§ Data

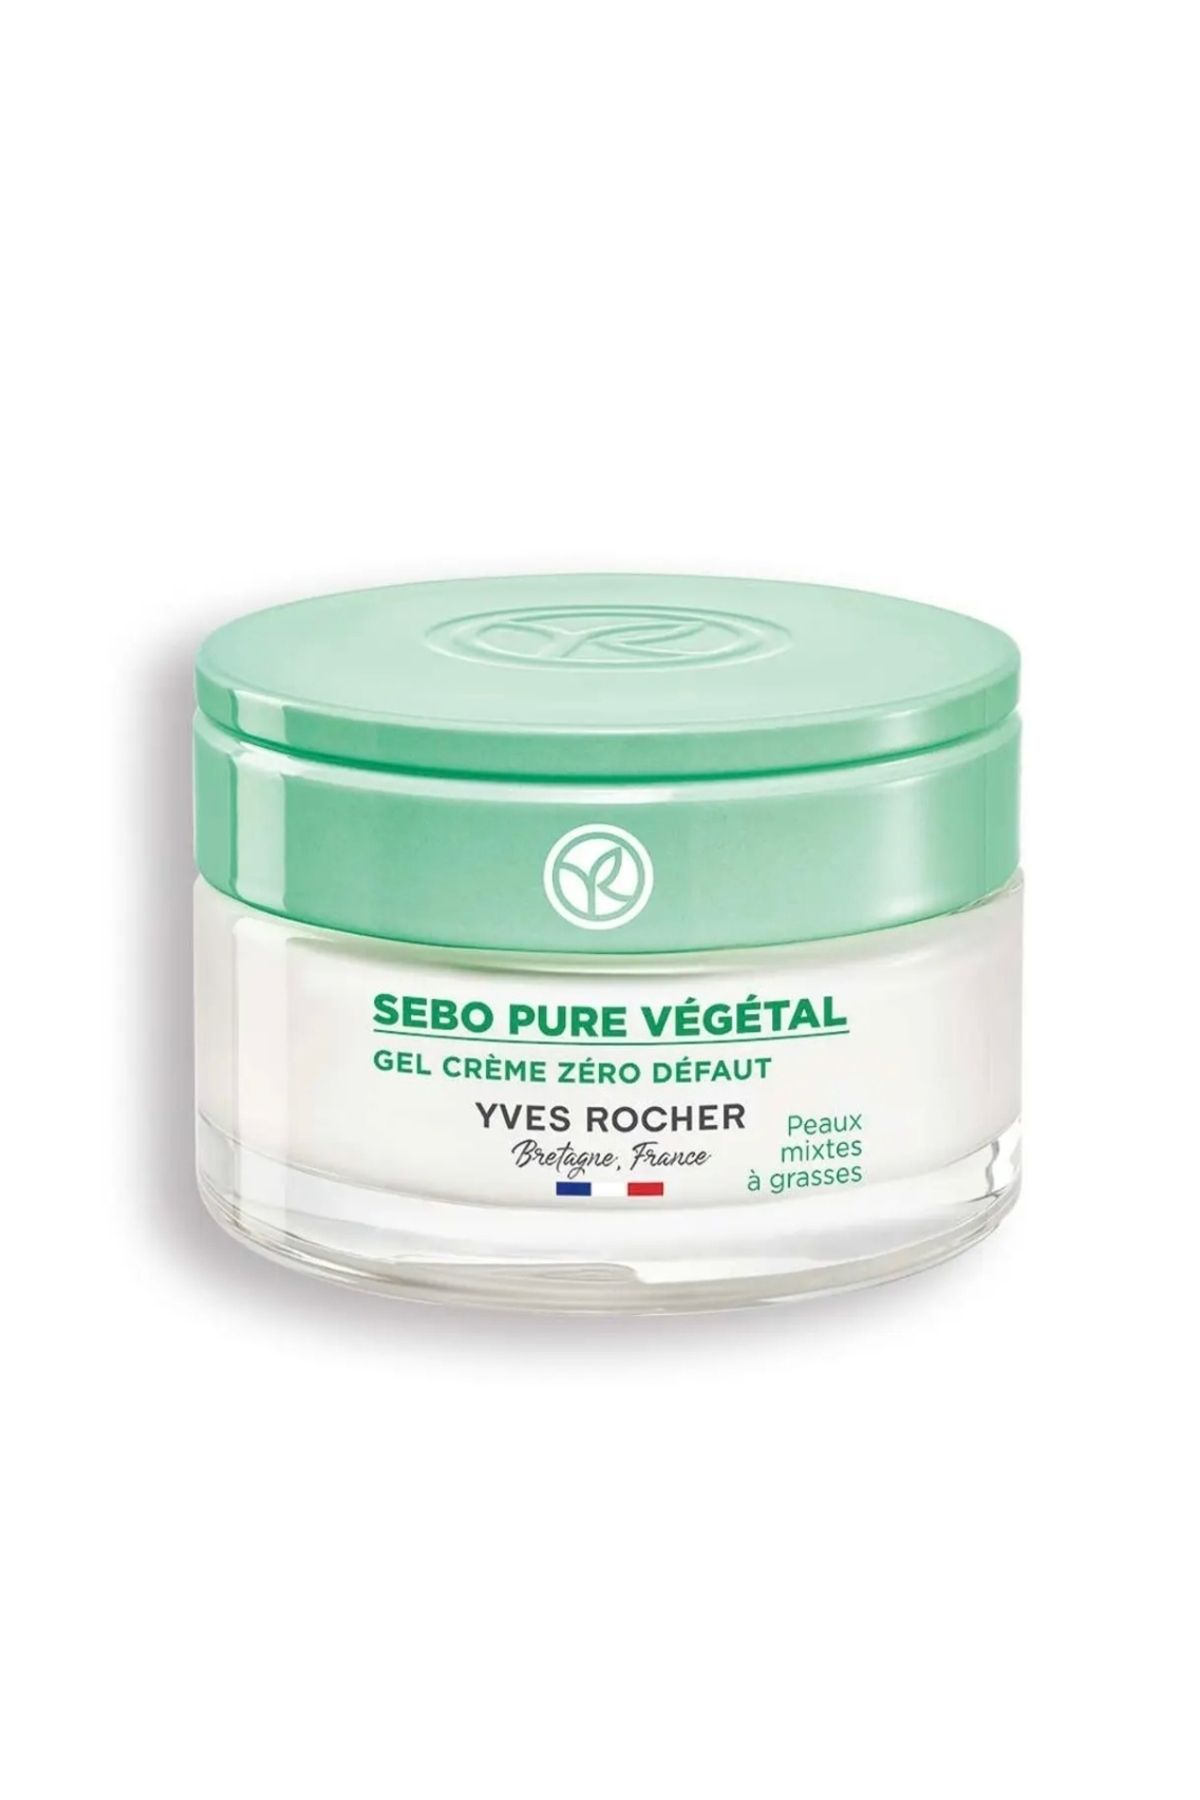 Yves Rocher Karma ve Yağlı Cilt Dengeleyici ve Matlaştırıcı Çinko Salislik Asit Jel Krem Sebo Pure Vegetal 50 ml
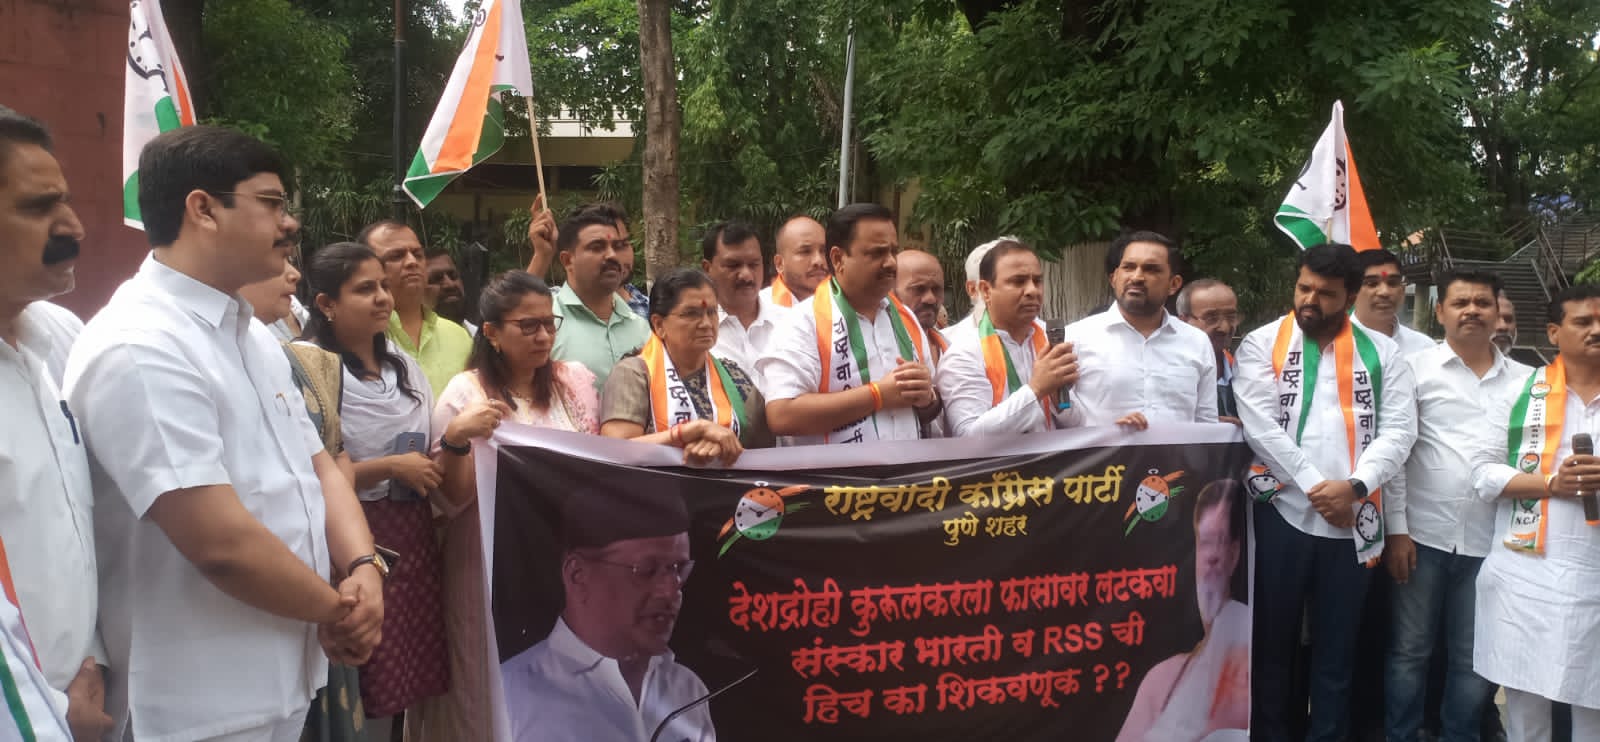 Dr. Pradeep Kurulkar Latest News | NCP Agitation | डॉं. कुरूलकरच्या विरोधात राष्ट्रवादी कॉंग्रेसची तिव्र निदर्शनें
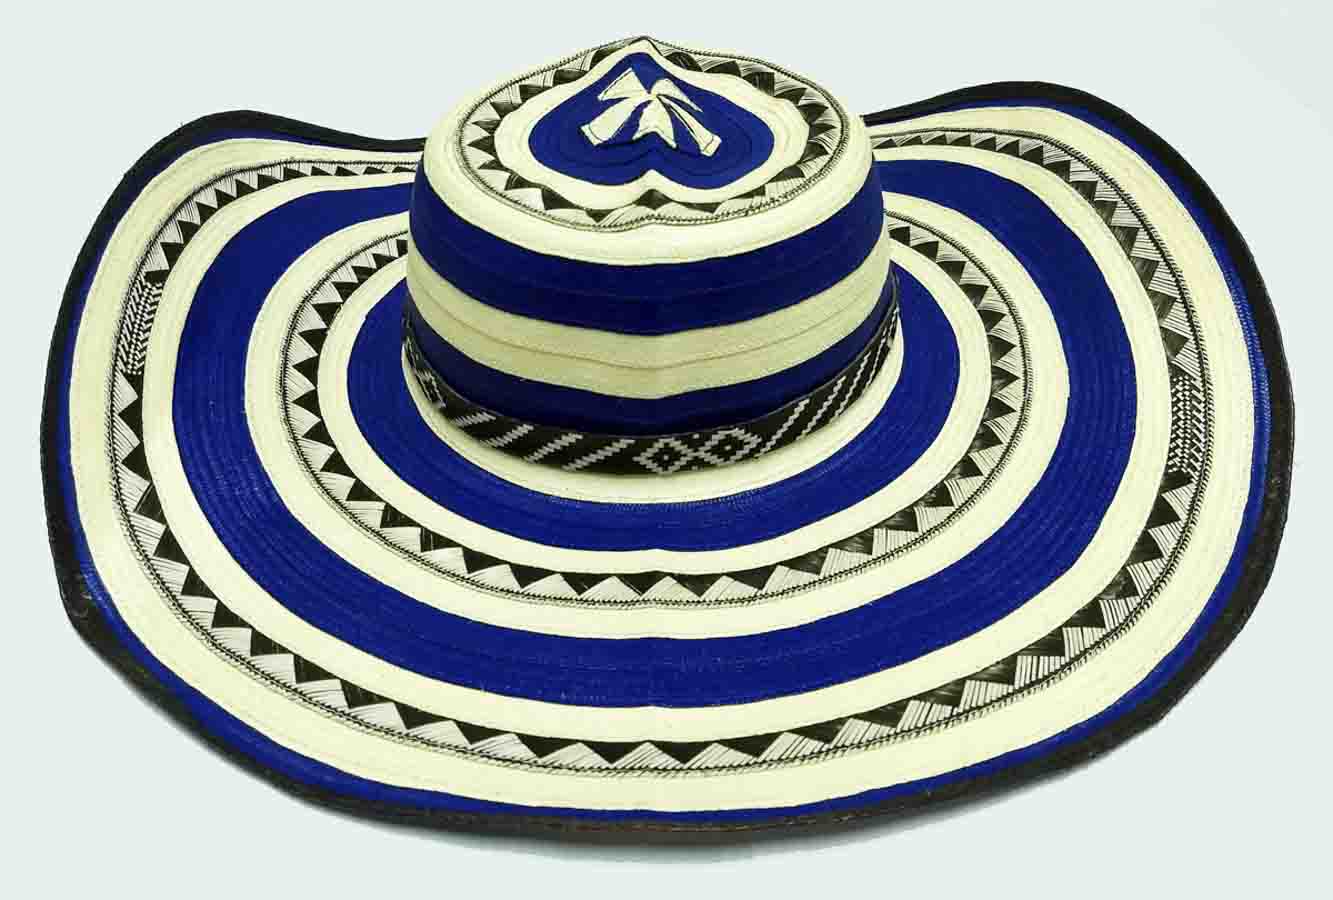 https://www.productosdecolombia.com/micrositios/sombreros-colombianos-hats/sombrero-21-azulg.JPG
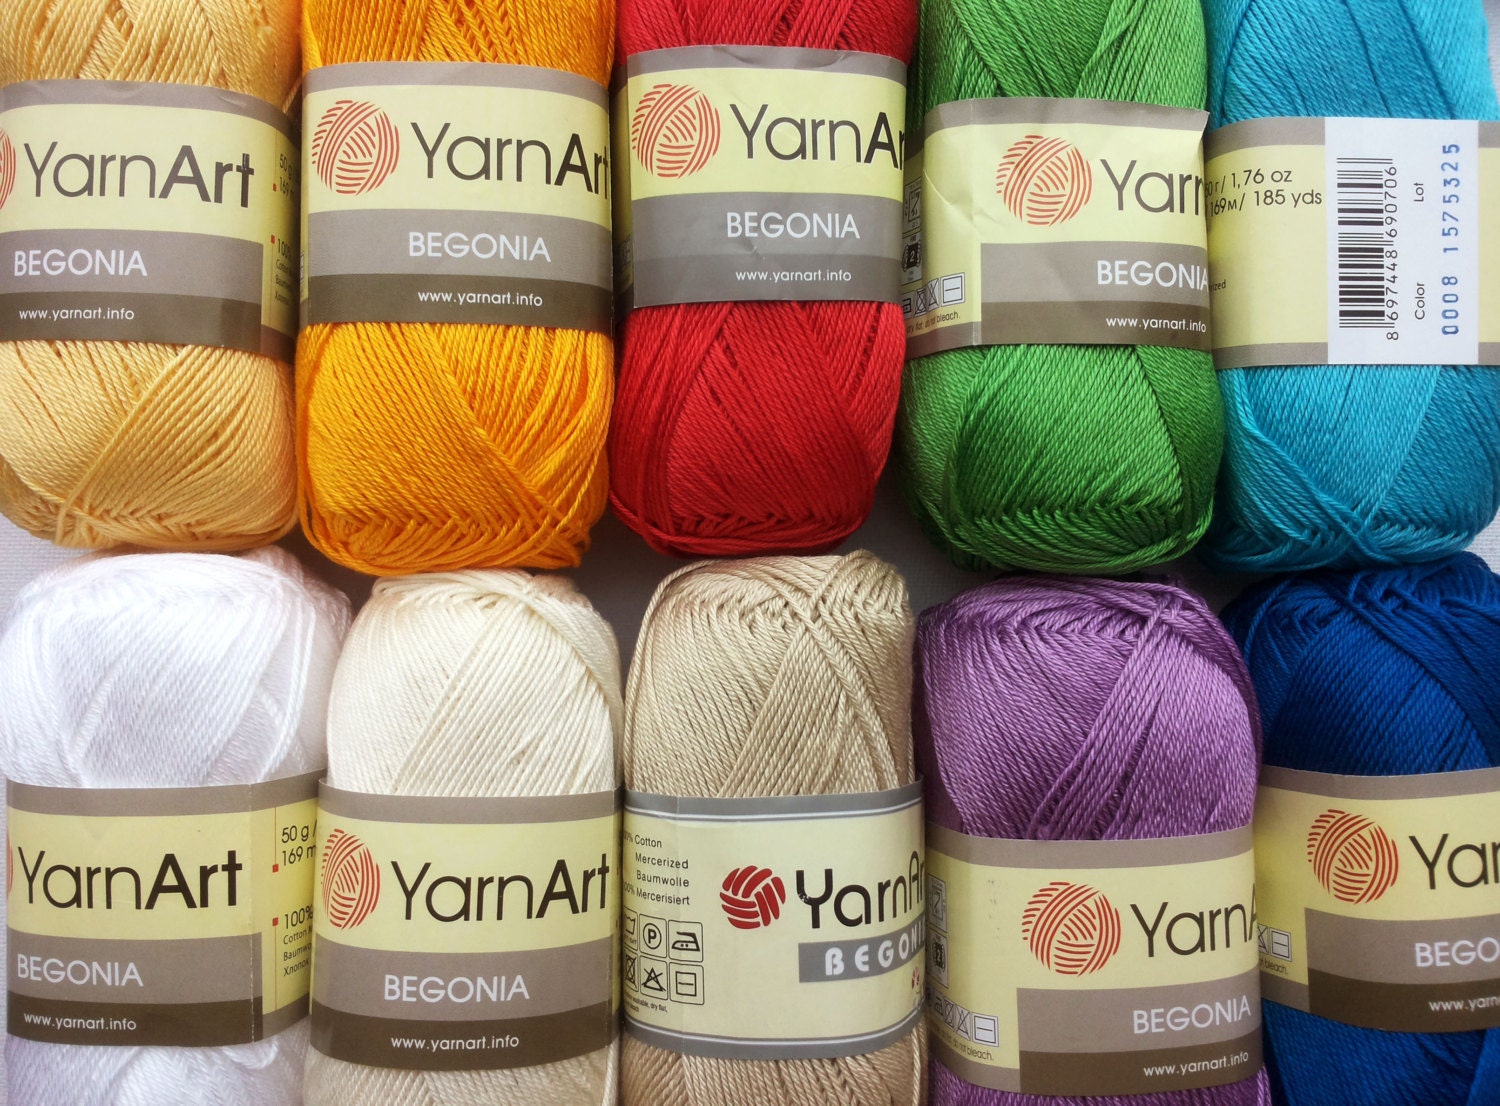 Crochetree 100% Mercerized Cotton Yarn, 50g / 125m, 4 Ply Fingering We

§ Problem details
All of the lines above should be copied exactly, apart from the pictures.

§ Result
 Yves Rocher Karma ve Yağlı Cilt Dengeleyici ve Matlaştırıcı Çinko Salislik Asit Jel Krem Sebo Pure Vegetal 50 ml
 Dr. Pradeep Kurulkar Latest News | NCP Agitation | डॉं. कुरूलकरच्या विरोधात राष्ट्रवादी कॉंग्रेसची तिव्र निदर्शनें
 https://www.productosdecolombia.com/micrositios/sombreros-colombianos-hats/sombrero-21-azulg.JPG
 Crochetree 100% Mercerized Cotton Yarn, 50g / 125m, 4 Ply Fingering We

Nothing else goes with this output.